TASK GOAL: What is needed is a word-for-word copy of the lines below from the one with "Reeves released his" through the one with "Decrum Hooded Leather", both included, with every picture left out.

PROVIDED RECORDS:
----

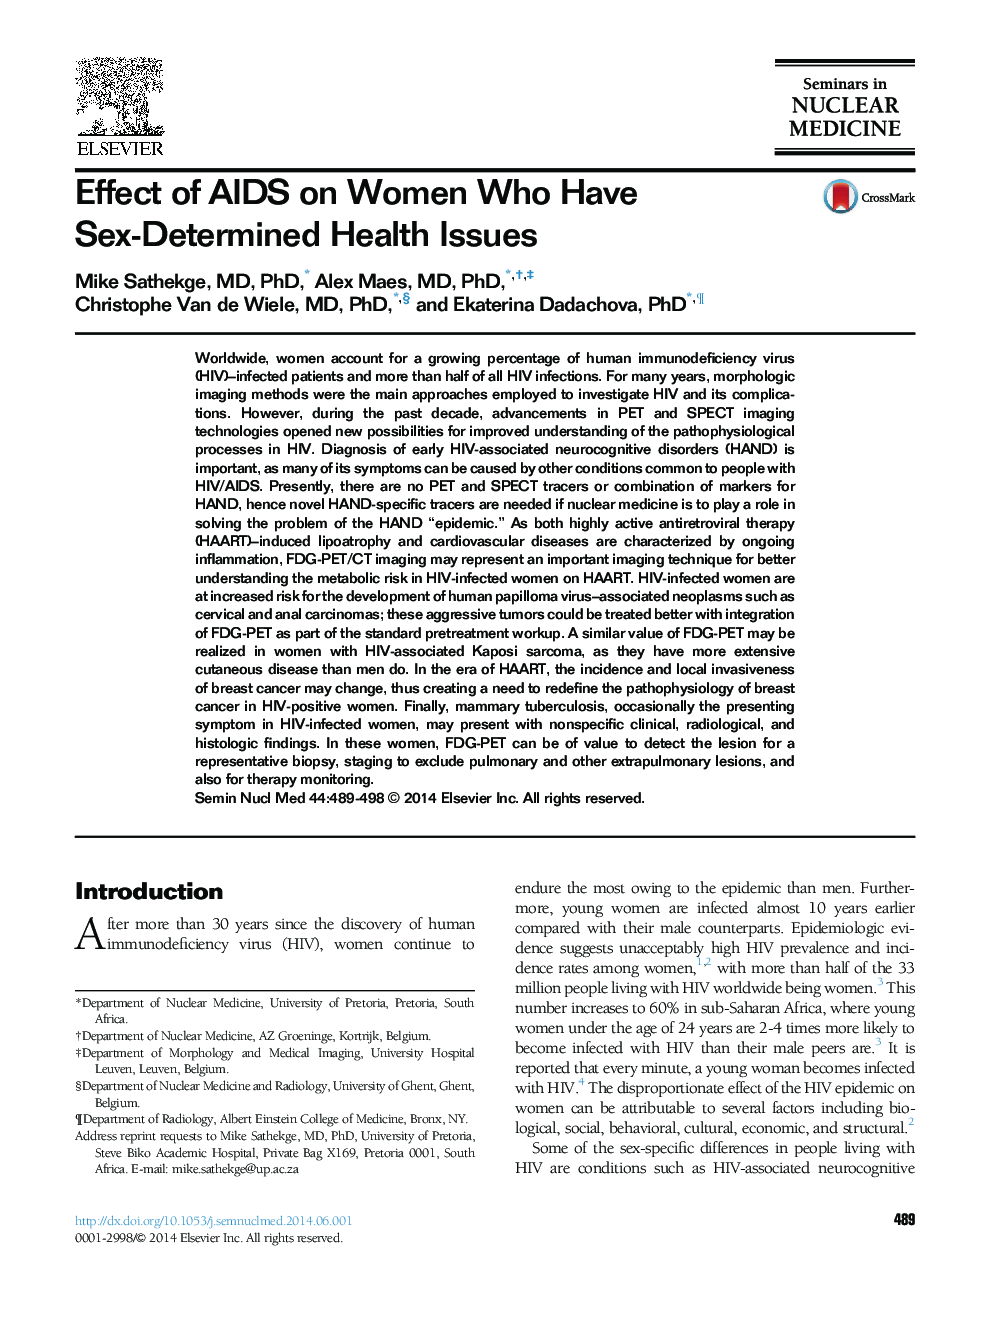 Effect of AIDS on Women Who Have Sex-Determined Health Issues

----

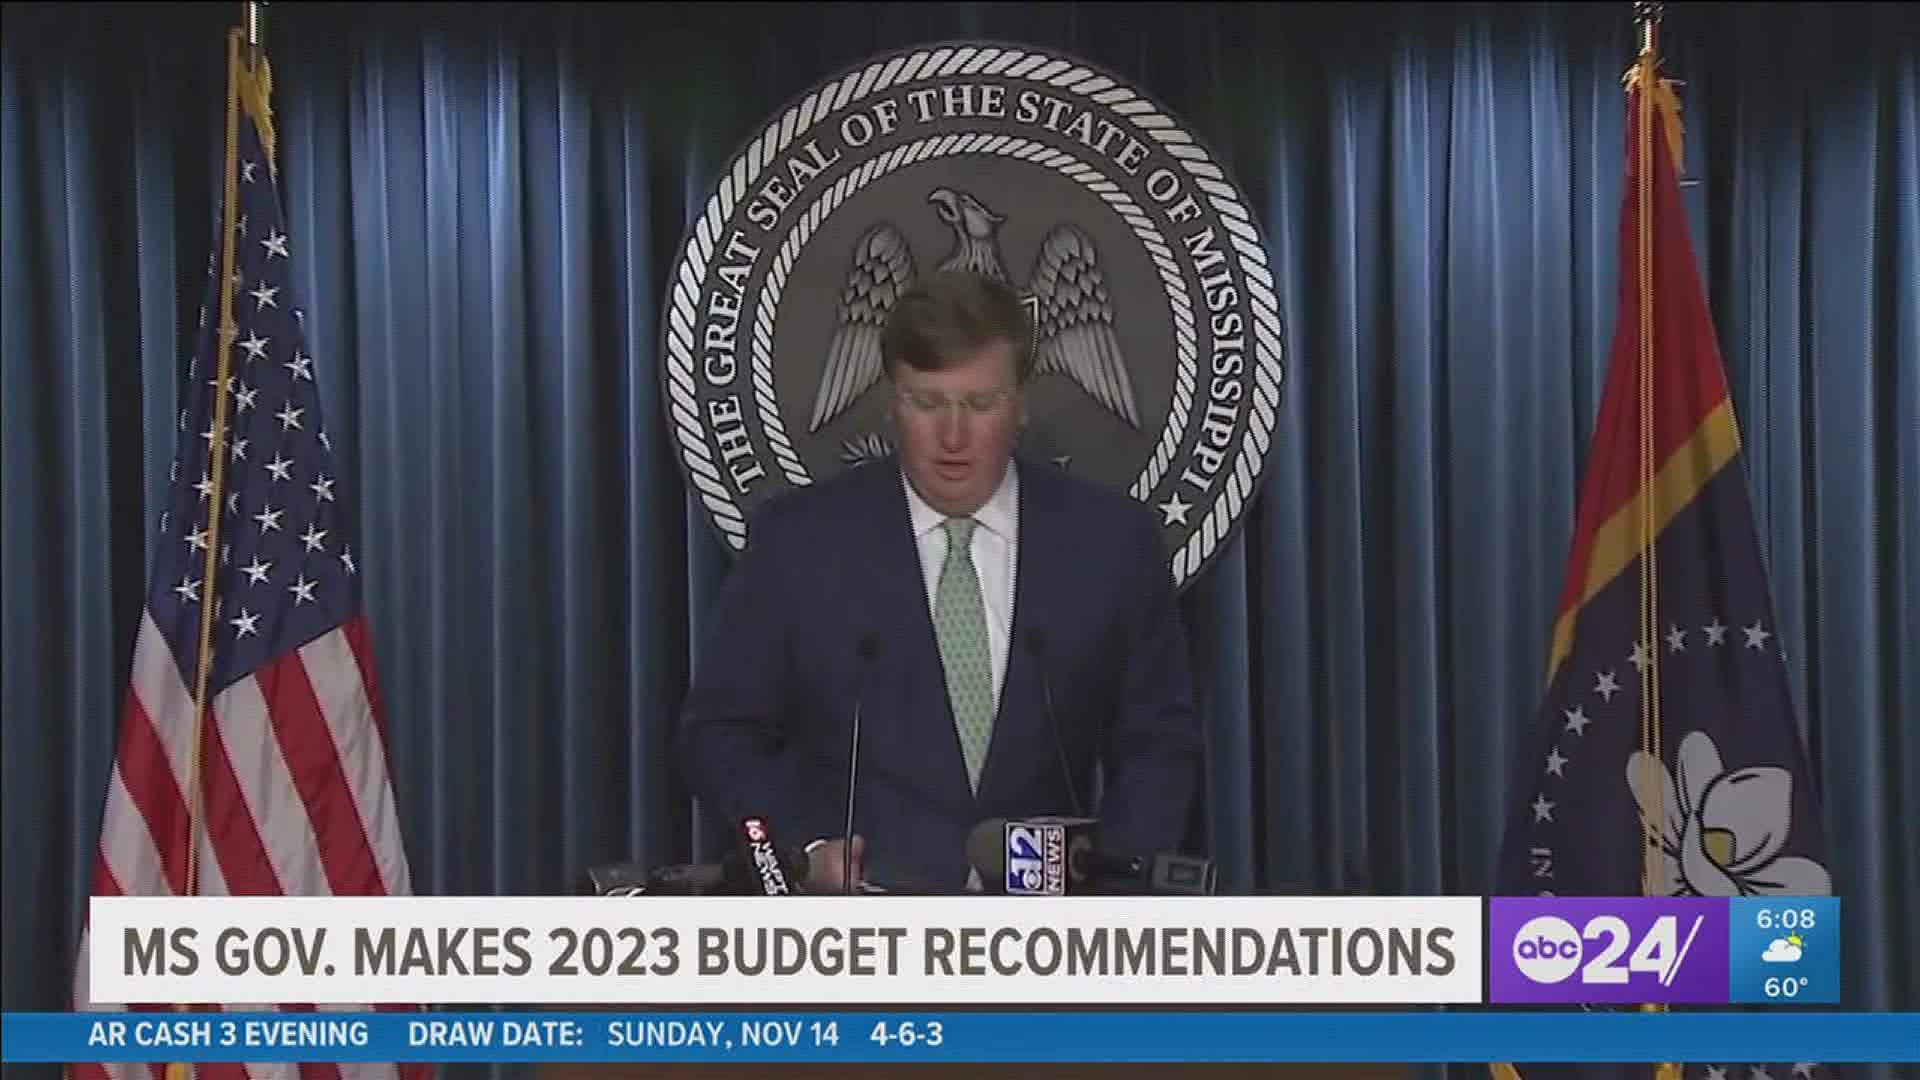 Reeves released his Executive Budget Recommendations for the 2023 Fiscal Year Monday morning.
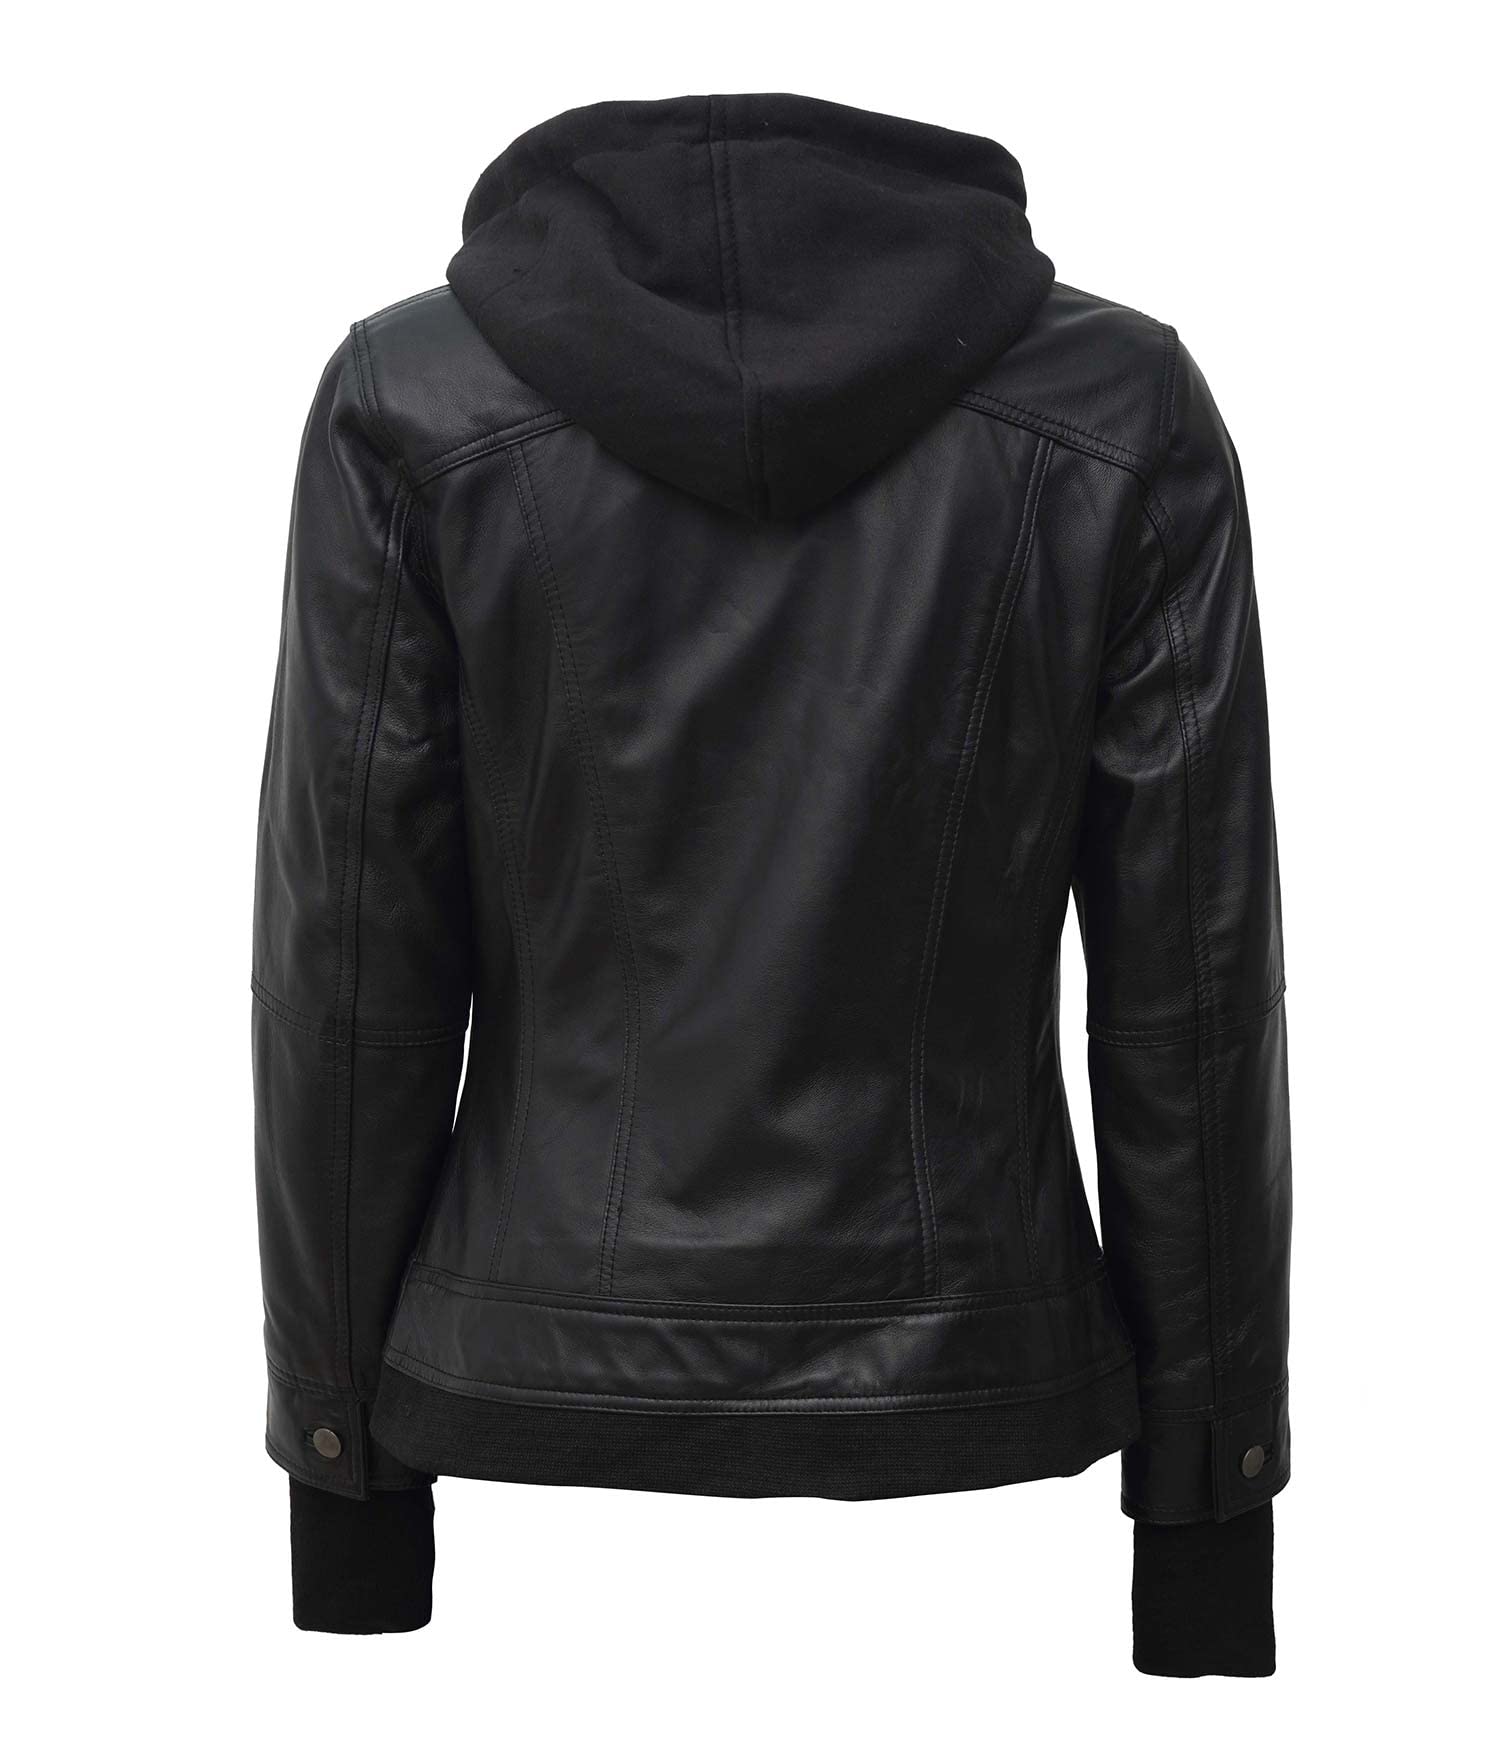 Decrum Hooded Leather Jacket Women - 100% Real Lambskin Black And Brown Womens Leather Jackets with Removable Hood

----

FINISHED EXERCISE:
 Reeves released his Executive Budget Recommendations for the 2023 Fiscal Year Monday morning.
 Decrum Hooded Leather Jacket Women - 100% Real Lambskin Black And Brown Womens Leather Jackets with Removable Hood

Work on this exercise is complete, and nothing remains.